How online facial-recognition systems could endanger our privacy
Image credit: Dreamstime for background; Cloaked image of Ben Heubl
E&T reverse-engineered an online facial-recognition system and revealed how the trend towards facial-recognition-supported online search could expose users to unexpected privacy risks.
When I first used a tool called FindClone, I found myself face-to-face with a fake social media profile that stole my headshot as their profile image. A person decided it’s worth stealing my face for his or her fake VK profile, a social media platform dubbed the Russian answer to Facebook.

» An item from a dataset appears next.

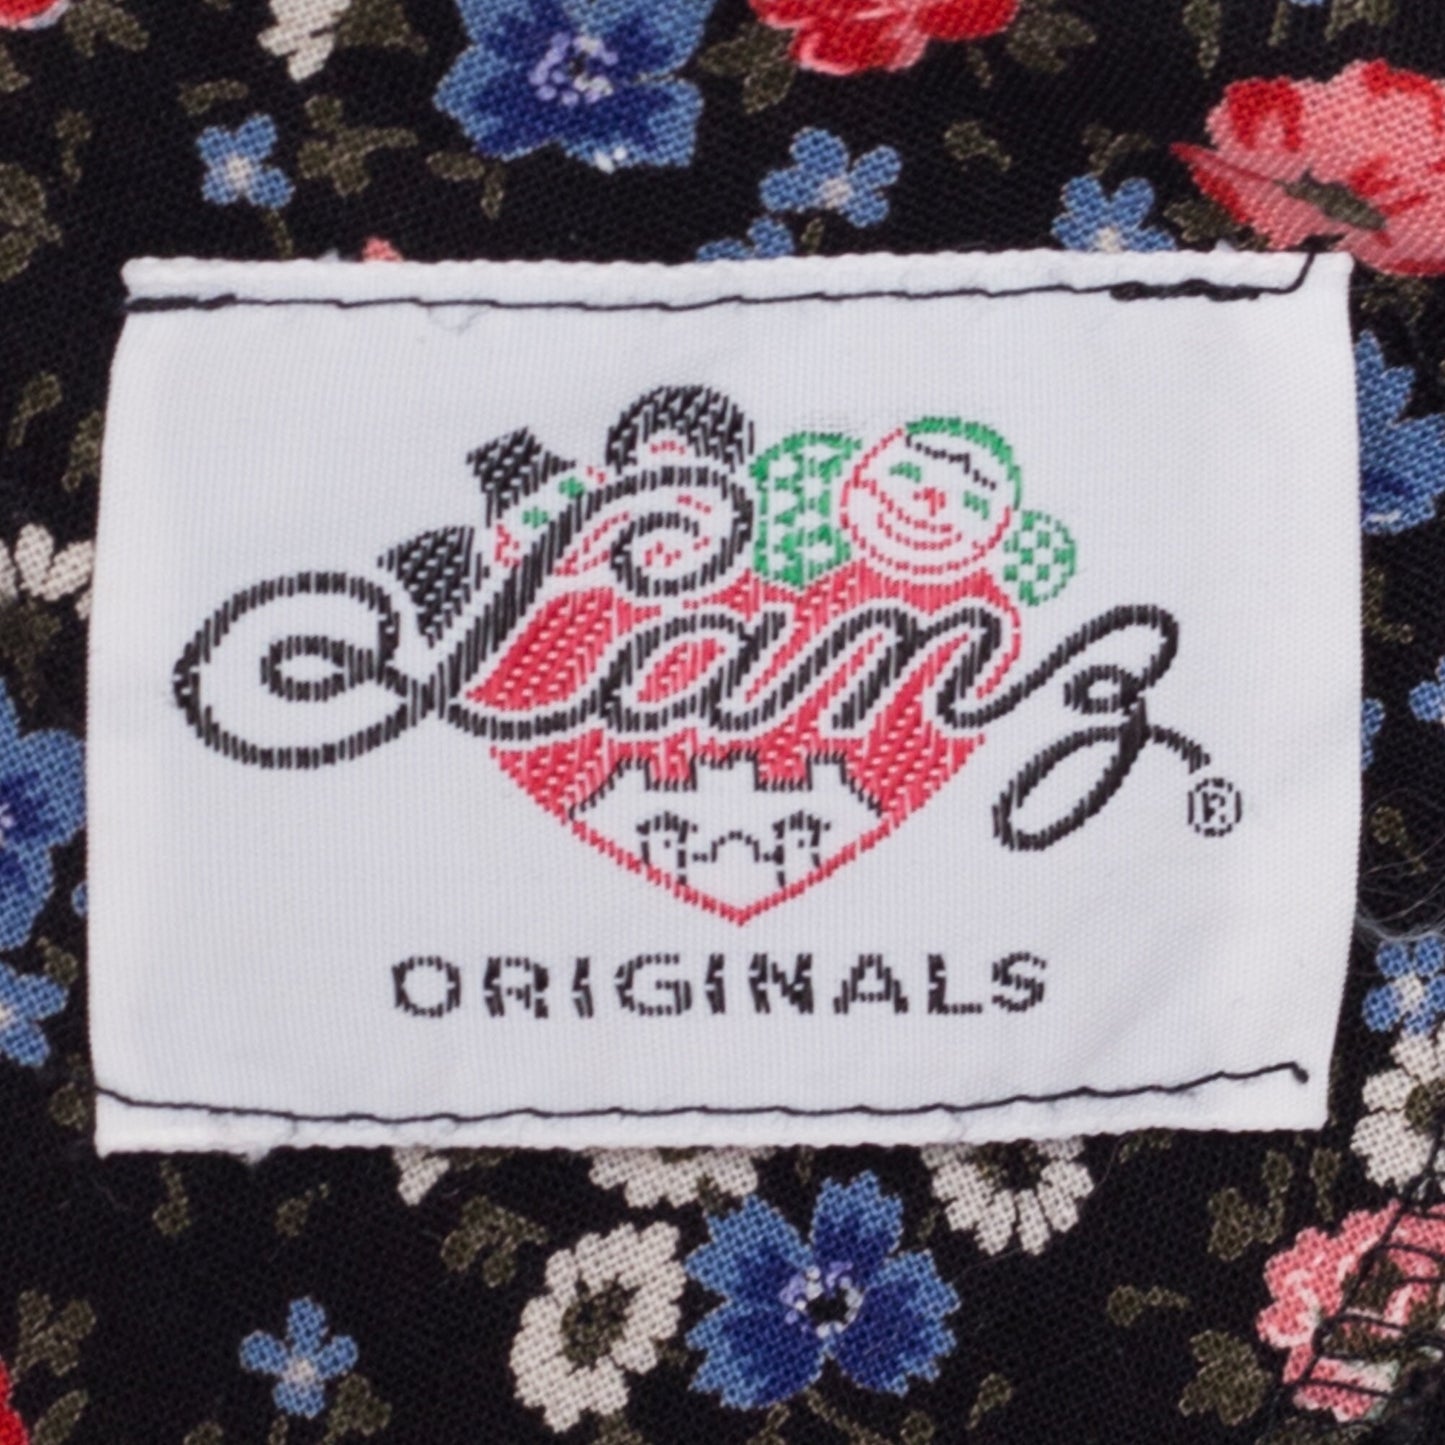 S| 80s Lanz Originals Floral Puff Sleeve Midi Dress - Small | Vintage Lace V Neck Low Back Fit & Flare Pocket Dress

FindClone relies on facial-recognition software and compares your input image across millions of VK profile images. It’s free, but you must submit your phone number. I wasn’t shocked that someone stole my image – impersonation using another person’s headshot is scarily common; hackers, criminals and fake online daters (‘catfish’) do it all the time – what really concerned me was how easy it was to make a connection between my image and one of me swirling around in the deepest internet.
A concerning example is Clearview. According to news reports, the New York-based tech start-up scraped three billion headshots and other facial images from social media pages. Scraping is the term developers use for the act of saving data and images on local servers.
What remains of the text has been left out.